In a successful case, shorter paths are strengthened while the detour paths are moderately strengthened (Fig 3A). This network change occurs with a continuous reinforcement of shortcut paths (Fig 3B). The wave condition successfully establishes shortcut paths, while the no-wave condition cannot strengthen them (Fig 3C). The Dt signal enhances the role of waves by further strengthening the shortcut paths by reward-independent STDP but is not effective on its own because synapses along the shortcut paths are initially too weak to induce spiking activity in the absence of waves. Fig 3D shows the overall performance of this task. Note that the amount of reward declines with the latency of activating the target neuron (see Material and Methods). The wave condition with the Dt signal outperforms the conventional model. Fig 3E represents the averaged latency index for obtaining a reward after trial onset. The latency index is equal to the latency of the first spike in the target neuron after the stimulus onset but saturates for latency above 300 ms to be insensitive to outliers. The latency index decreases faster in wave conditions than in no-wave conditions. While the effect of Dt on task performance is evident in these networks of recurrently connected neurons, the effect is less prominent in feedforward networks (S1 Text). This result shows that Dt-induced reward-independent STDP is especially important in selectively strengthening outbound paths from the stimulated neuron.

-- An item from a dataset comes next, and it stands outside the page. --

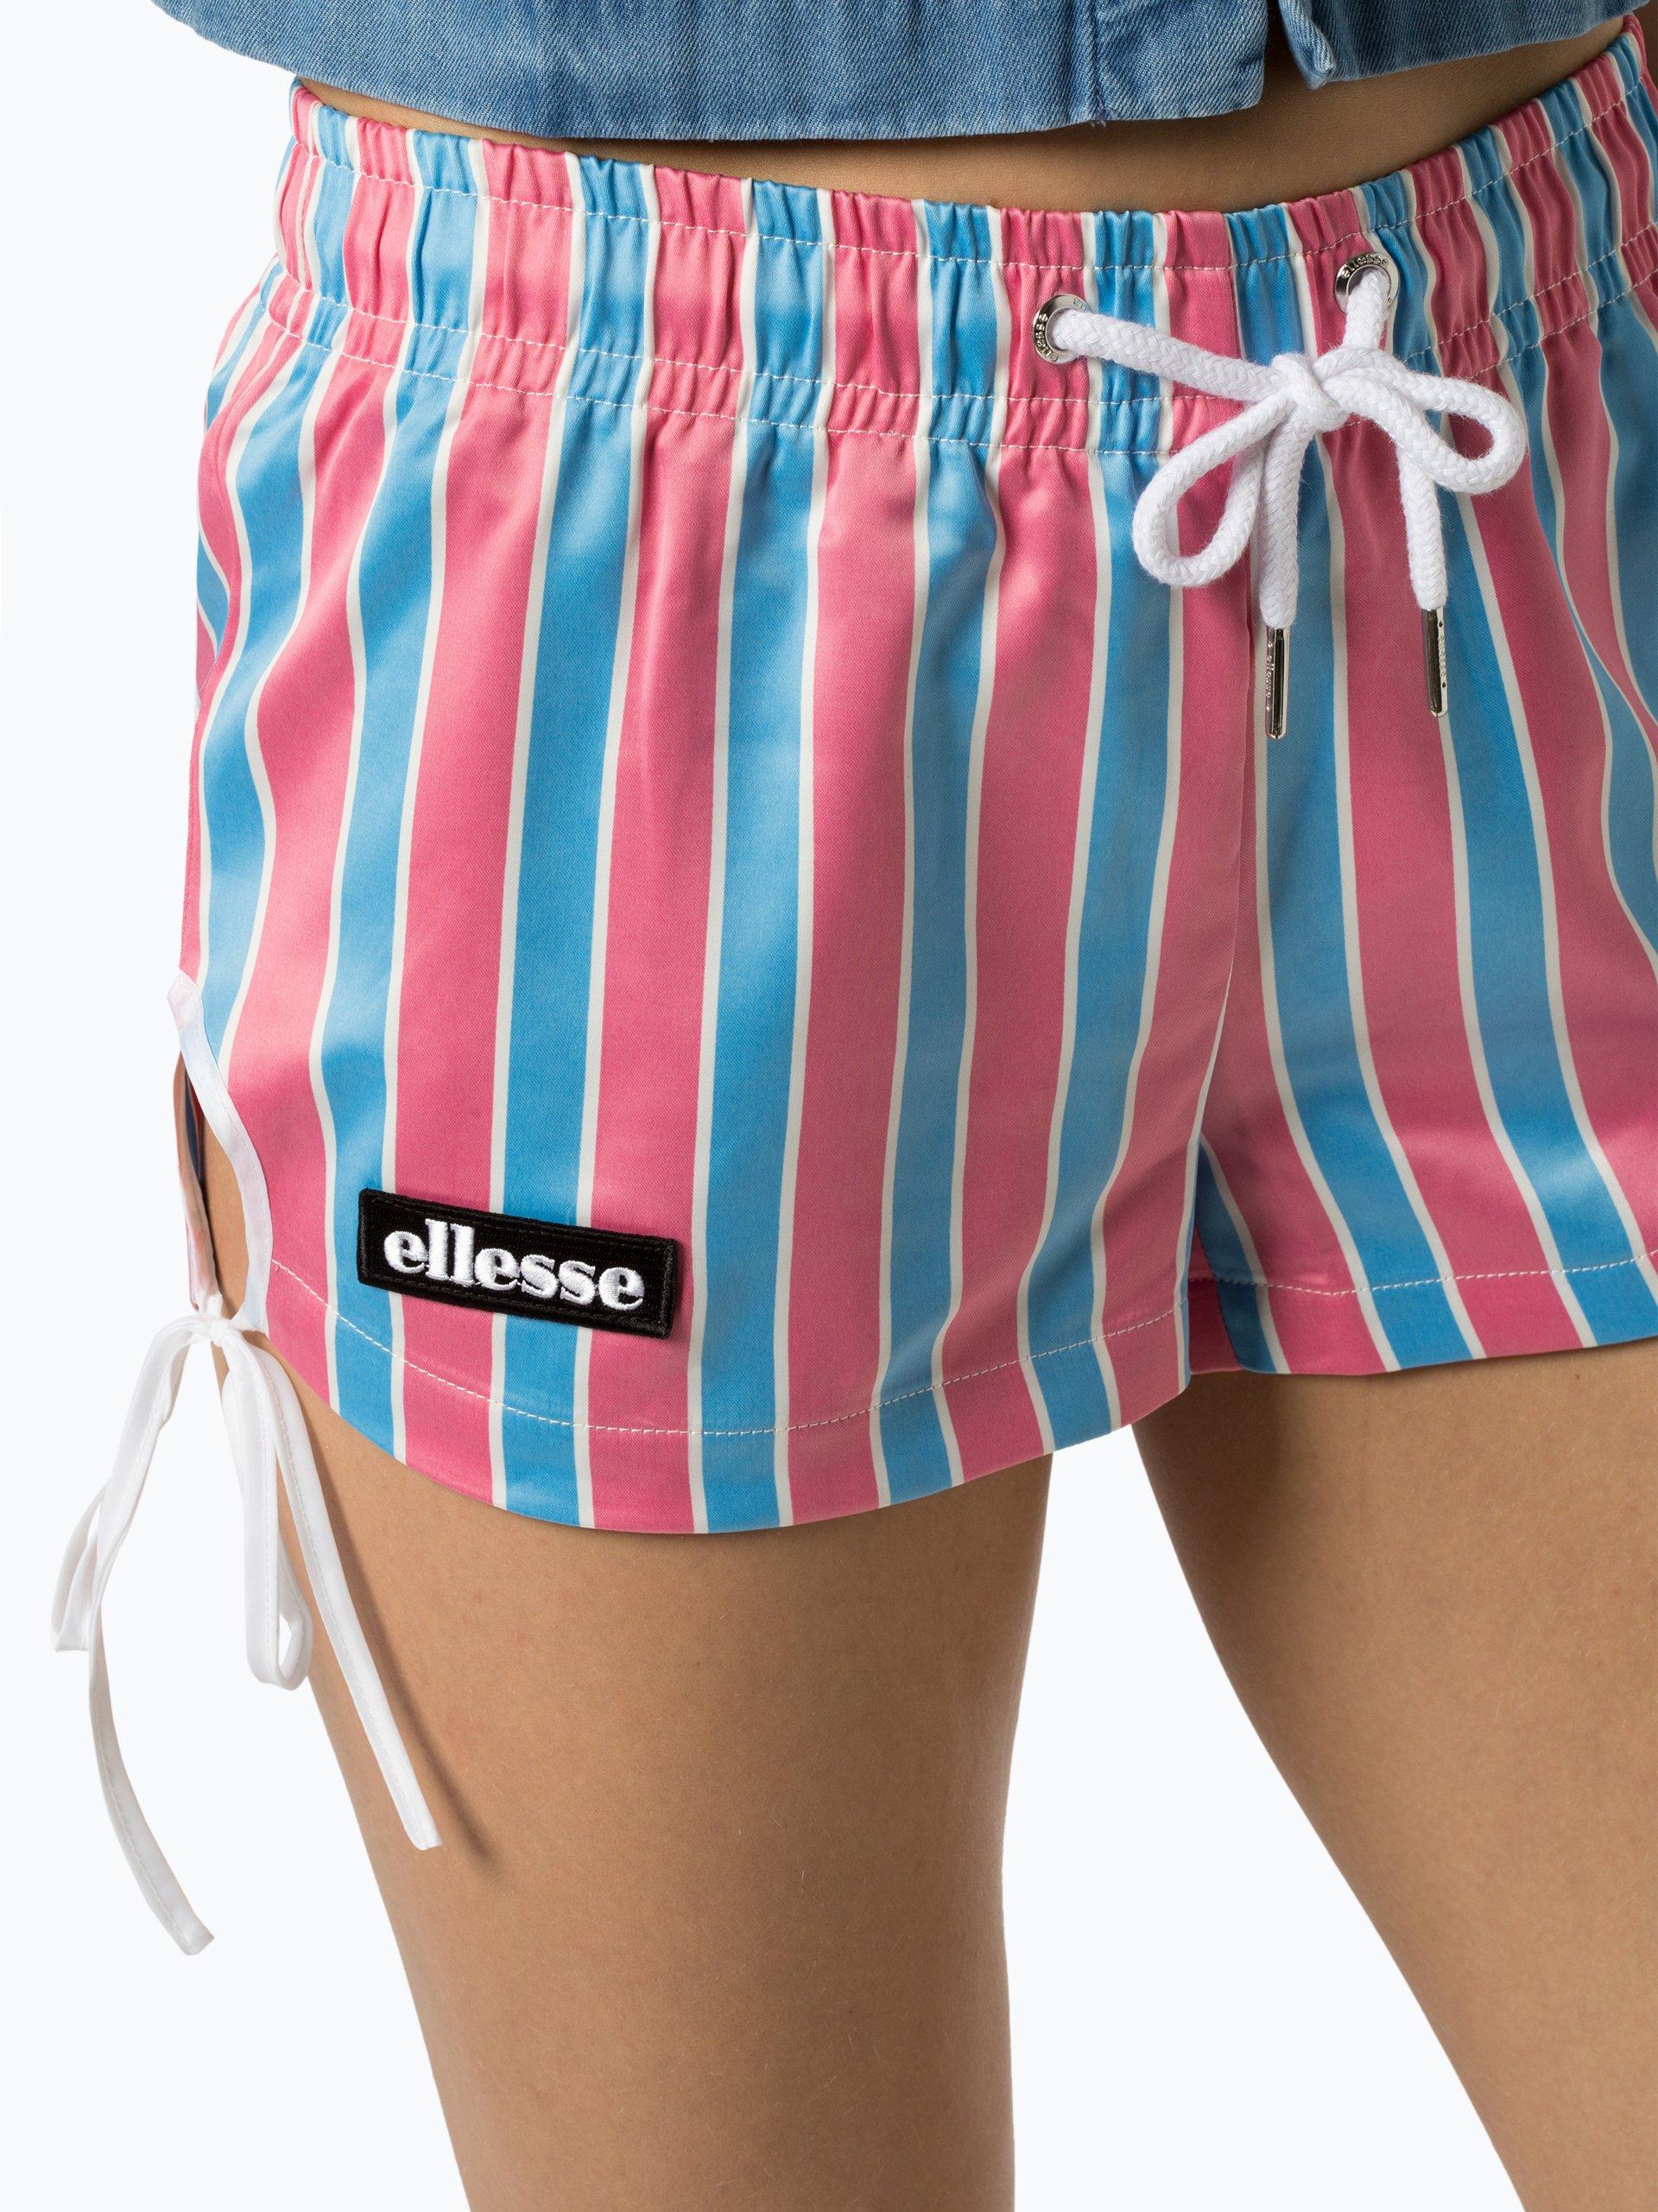 ellesse Damen Shorts - Mindoro

Task 3: Learning a nonlinear function
In this task, we demonstrate that our model is useful for a more practical setting. Here, we show that the XOR function can be learned in our model as well. Nonlinear functions such as the XOR function are essential for complex calculation, but how to realize them efficiently with the reward-modulated STDP rule remains to be seen. We propose that our model has an advantage in this task because some nonlinear functions can be created by finding appropriate poly-synaptic paths. Among the various kinds of nonlinear functions, we chose the XOR function because of its simplicity and universality of logic gates . It is widely known that implementing an XOR function requires a hidden layer in a feedforward neural network. Therefore, this task is difficult for the STDP rule because indirect paths should be learned. Our model can alleviate this difficulty and facilitate the learning process.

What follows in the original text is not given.